Saeb Aerakat, le chef des «négociateurs» de l'Autorité palestinienne, a, semble-t-il, fait une étrange découverte : les Palestiniens négocient depuis près de vingt ans et sont aujourd'hui «pris au piège d'un processus qui, pour l'instant, n'a rien changé à l'occupation». Cette découverte est intervenue après une résolution de la Chambre des représentants américains condamnant «toute tentative pour établir ou chercher la reconnaissance d'un Etat palestinien en dehors d'un accord négocié».

 Saeb Aerekat a-t-il été surpris du vote de la Chambre des représentants américains ? Il ferait encore une fois preuve d'une naïveté incompatible avec son rôle de négociateur. Il devrait plutôt constater qu'il a suffi que quelques Etats latino-américains décident de reconnaître sans attendre un Etat israélien pour que les politiciens américains lancent leurs tirs de barrage.

 Avant la Chambre des représentants, l'administration de Barack Obama - lequel s'est déchargé définitivement du dossier sur la très Aipac Hillary Clinton - a critiqué la décision du Brésil et de l'Argentine de reconnaître un Etat palestinien à l'intérieur des frontières de 1967. La Bolivie de Morales vient de les rejoindre. Ces reconnaissances ne vont pas changer la donne mais elles montrent que même dans les pays lointains, on est exaspéré par l'expansionnisme des Israéliens et la couverture que toutes les administrations américaines lui apportent. Pour masquer sa reddition définitive, Barack Obama, soutenu par l'Europe, a multiplié les déclarations soporifiques sur sa volonté d'aboutir à une solution à deux Etats.

 Au vu de ce qui se passe, M. Aerekat va devoir encore courir derrière des chimères pendant vingt autres années. Le temps apparemment pour Israël de décréter, avec l'aval des Américains, qu'il n'y a plus de place pour un Etat palestinien. Les Palestiniens, qu'ils soient du Fatah ou non, le savent très bien. Ils doivent sortir de ce que Saeb Aerekat a fini par reconnaître comme étant un «piège».

 Ont-ils le courage, eux qui sont «installés» dans la négociation, de se remettre en cause? Israël et les Américains parient que les responsables de l'Autorité palestinienne et ceux qui en profitent plus ou moins n'auront pas le courage de le faire. Et qu'il n'y aura ni dissolution de l'Autorité palestinienne, ni arrêt de la coopération sécuritaire avec Israël contre les résistants. C'est bien cela l'enjeu.

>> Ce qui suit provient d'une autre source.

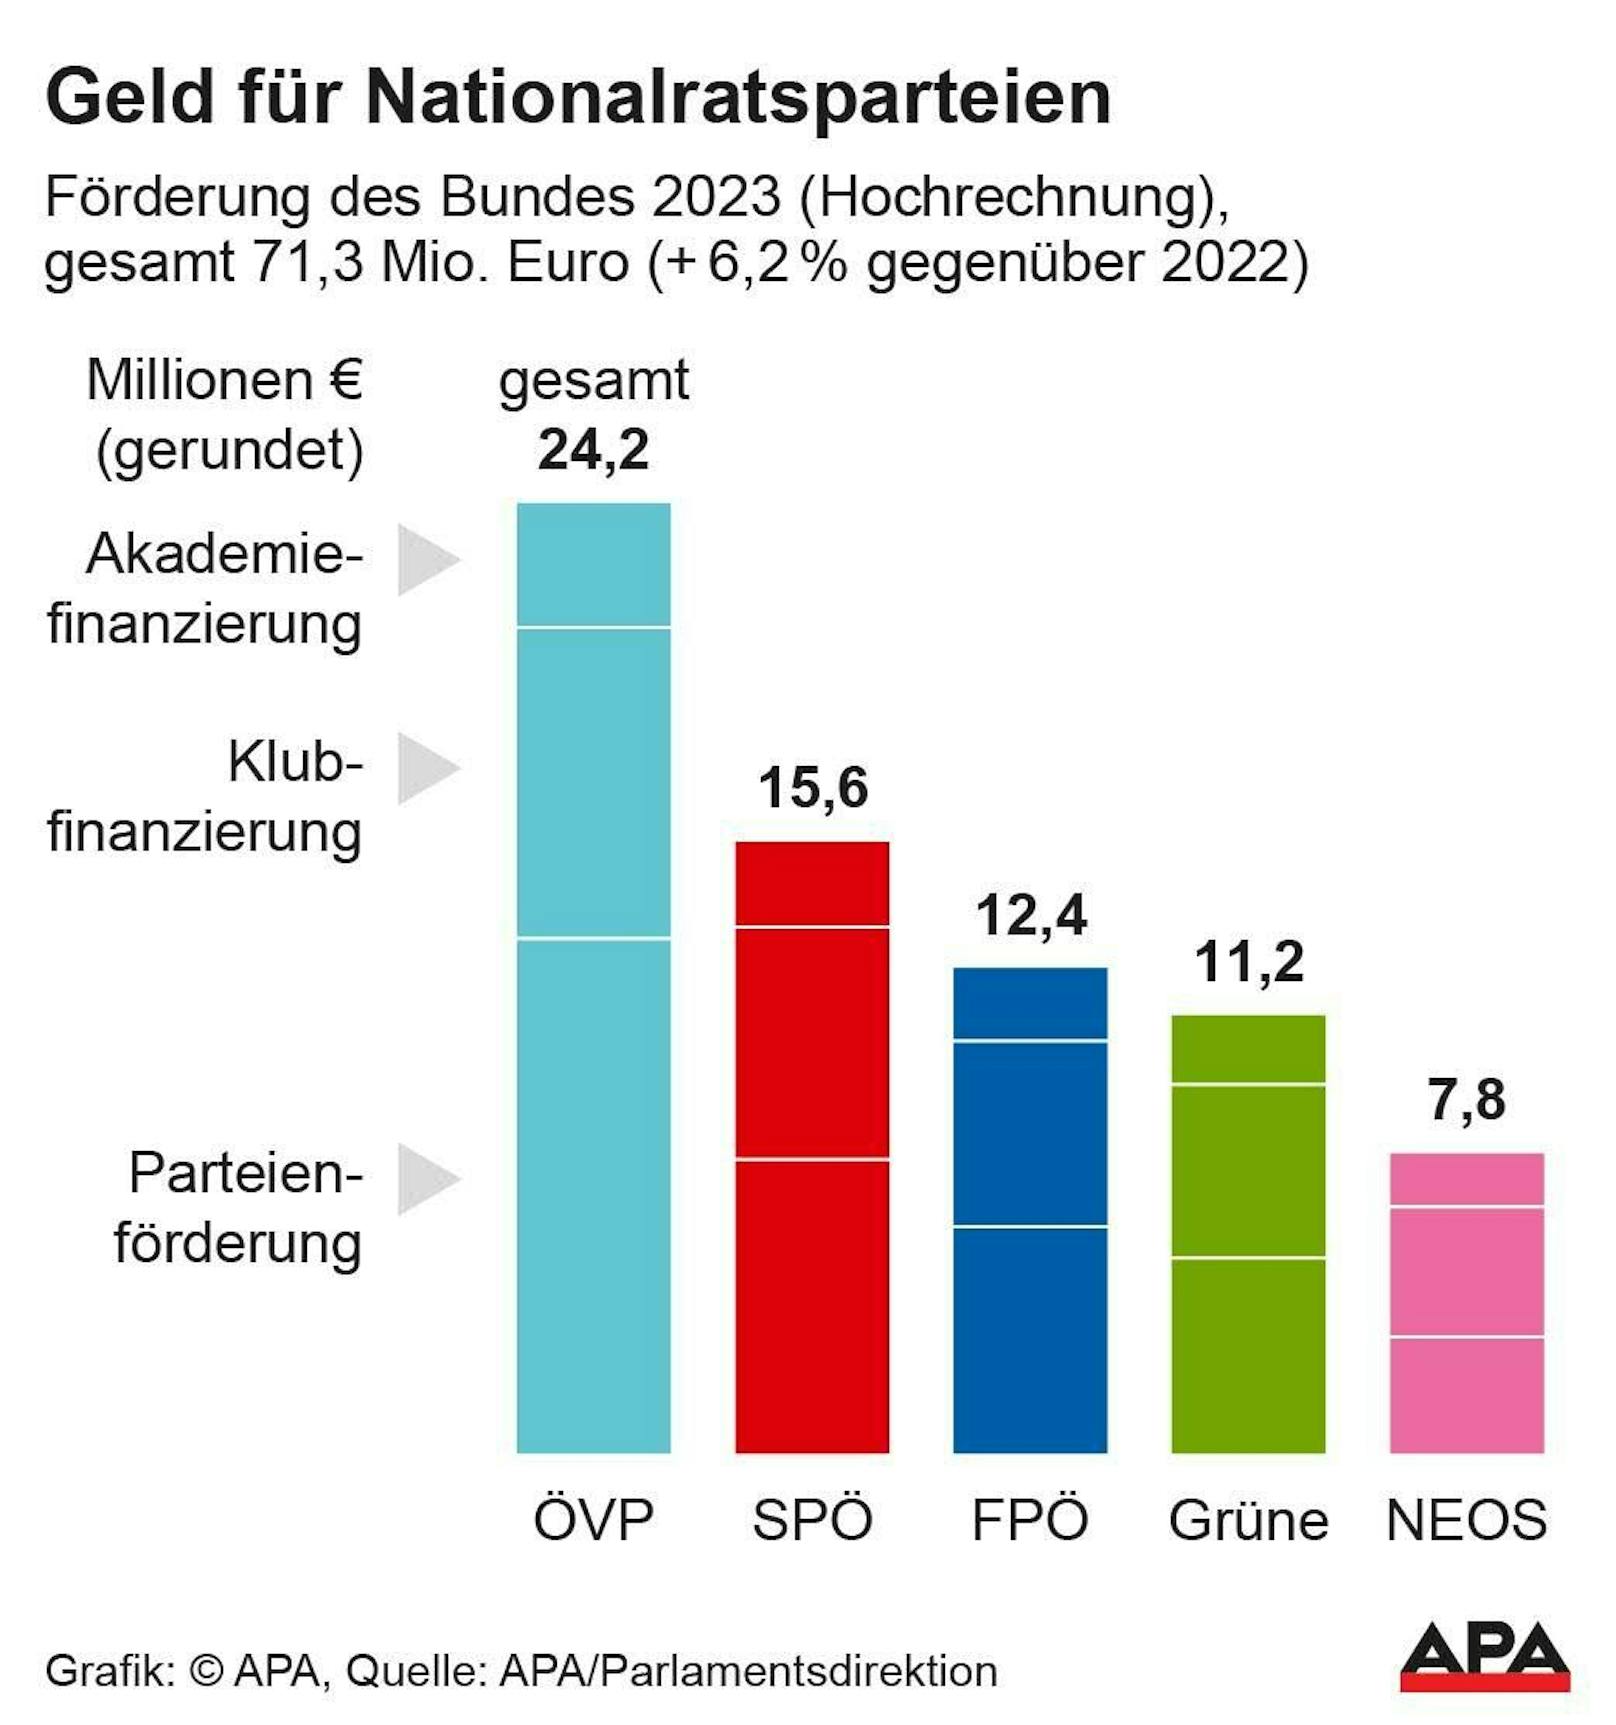 Die ÖVP profitiert am stärksten.

 L'Autorité palestinienne, si méprisée à Washington et à Tel-Aviv, est un outil utile pour créer de la fiction. Sa disparition y mettrait fin. On peut parier que les Américains et les Européens utiliseront tous les moyens de persuasion et de chantage pour que cette Autorité continue dans cette comédie.

 Il ne fait guère de doute que les responsables de l'Autorité palestinienne n'auront pas la capacité de s'extirper de ce piège sans un sursaut des Etats arabes. Les pays latino-américains viennent ? d'où la colère des responsables américains ? de fixer la ligne minimale : l'Etat palestinien dans les frontières de 1967. C'est, officiellement du moins, la ligne des Etats de la Ligue arabe.

 Mais il ne suffit pas de lancer un «plan de paix» et de dormir sur ses lauriers. Ces Etats doivent s'émanciper des agendas américains. Ils peuvent simplement signifier qu'ils ne participeront jamais à assiéger l'Iran et encore moins à lui faire la guerre. L'Iran peut devenir un atout pour les Palestiniens. Ils doivent très clairement signifier à l'administration américaine et au monde qu'ils n'encourageront pas le maintien d'une Autorité palestinienne fictive pour faire accroire au mensonge de la négociation. Ce sera un début. Les responsables palestiniens, qui se sentent «pris au piège», pourront trouver une issue dans ce début de fermeté.

 Mais pour y parvenir, les responsables des Etats de la Ligue arabe doivent devenir aussi libres qu'Evo Morales ou Lula da Silva.